→ EXERCISE DETAILS:
The output is the line containing "Троллейбусы Йошкар-Олы из-за" plus every later line down to the end of the listing below, copied exactly. No pictures belong in it.

→ SUPPLIED DATA:
◇ ◇ ◇
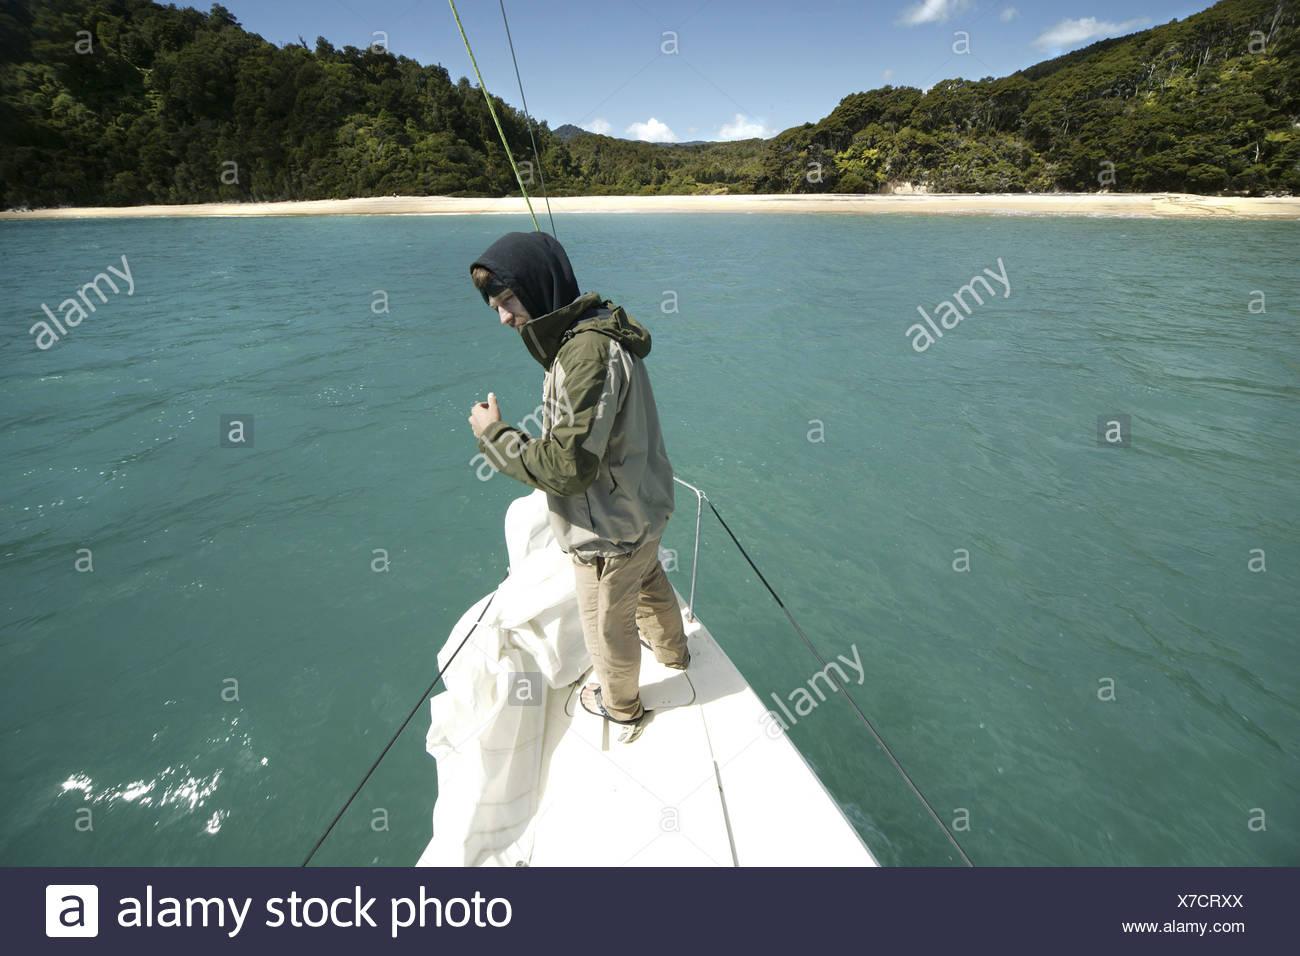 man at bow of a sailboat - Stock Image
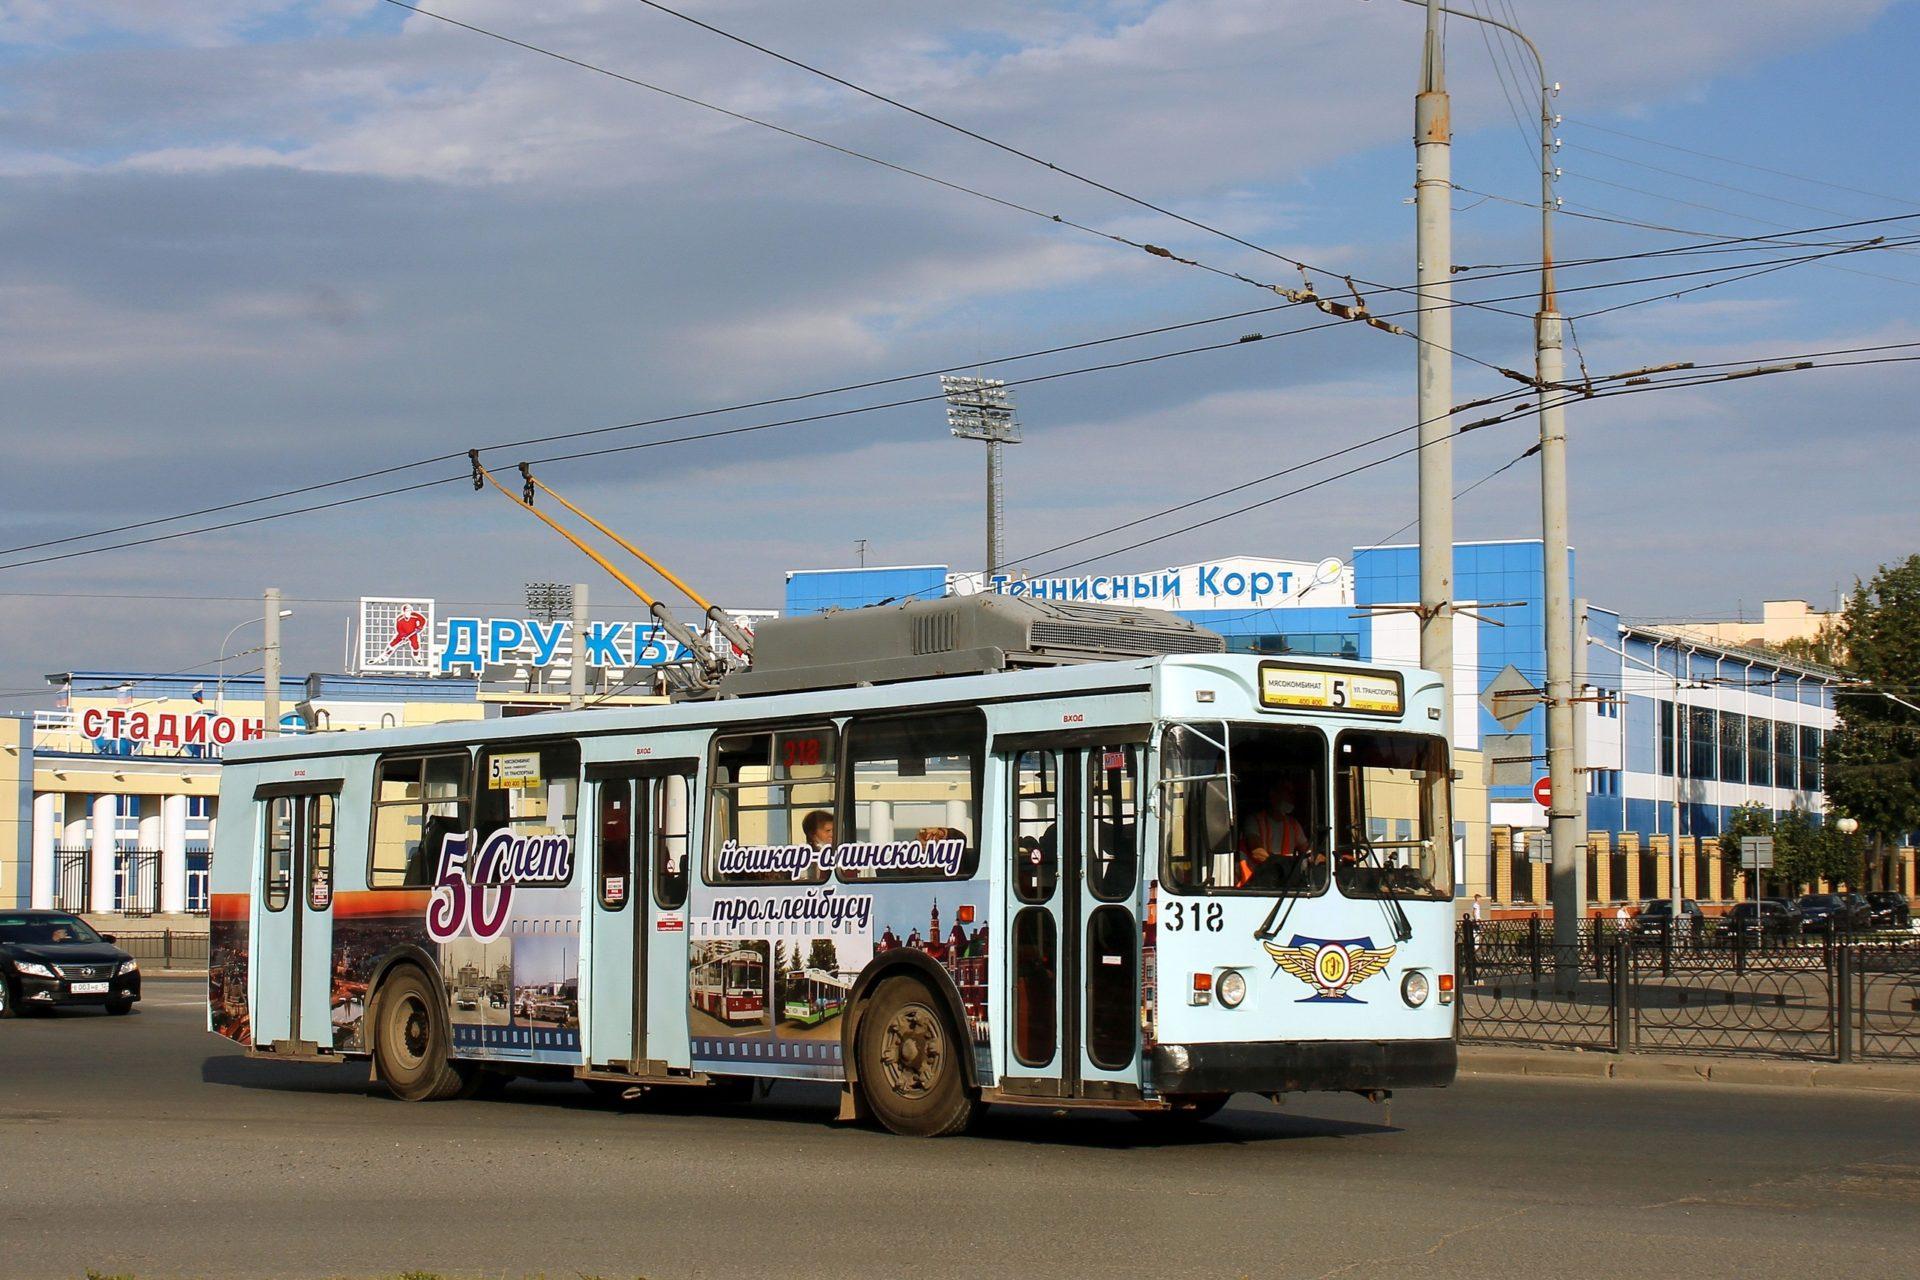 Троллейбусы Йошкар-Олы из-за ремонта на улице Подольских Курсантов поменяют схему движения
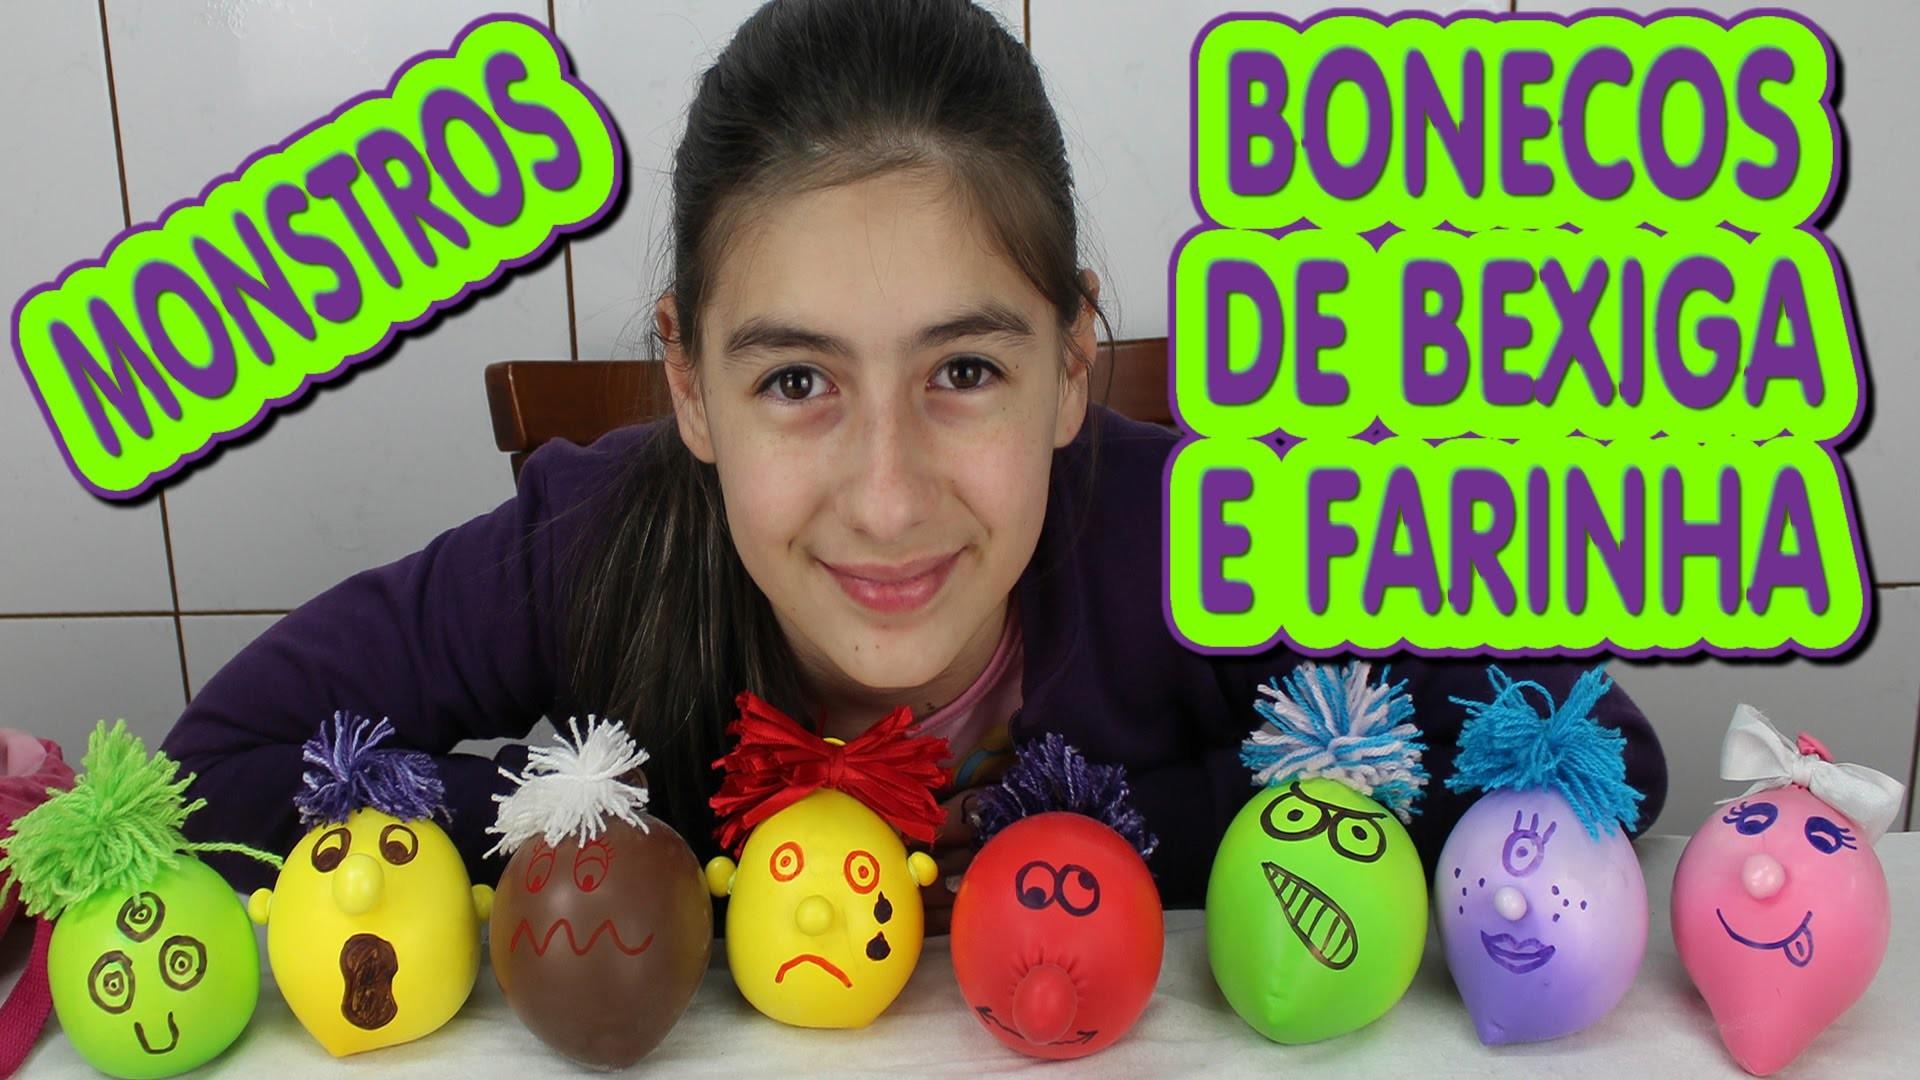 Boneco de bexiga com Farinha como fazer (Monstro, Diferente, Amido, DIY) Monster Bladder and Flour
◇ ◇ ◇
→ WRITTEN SOLUTION:
 Троллейбусы Йошкар-Олы из-за ремонта на улице Подольских Курсантов поменяют схему движения
 Boneco de bexiga com Farinha como fazer (Monstro, Diferente, Amido, DIY) Monster Bladder and Flour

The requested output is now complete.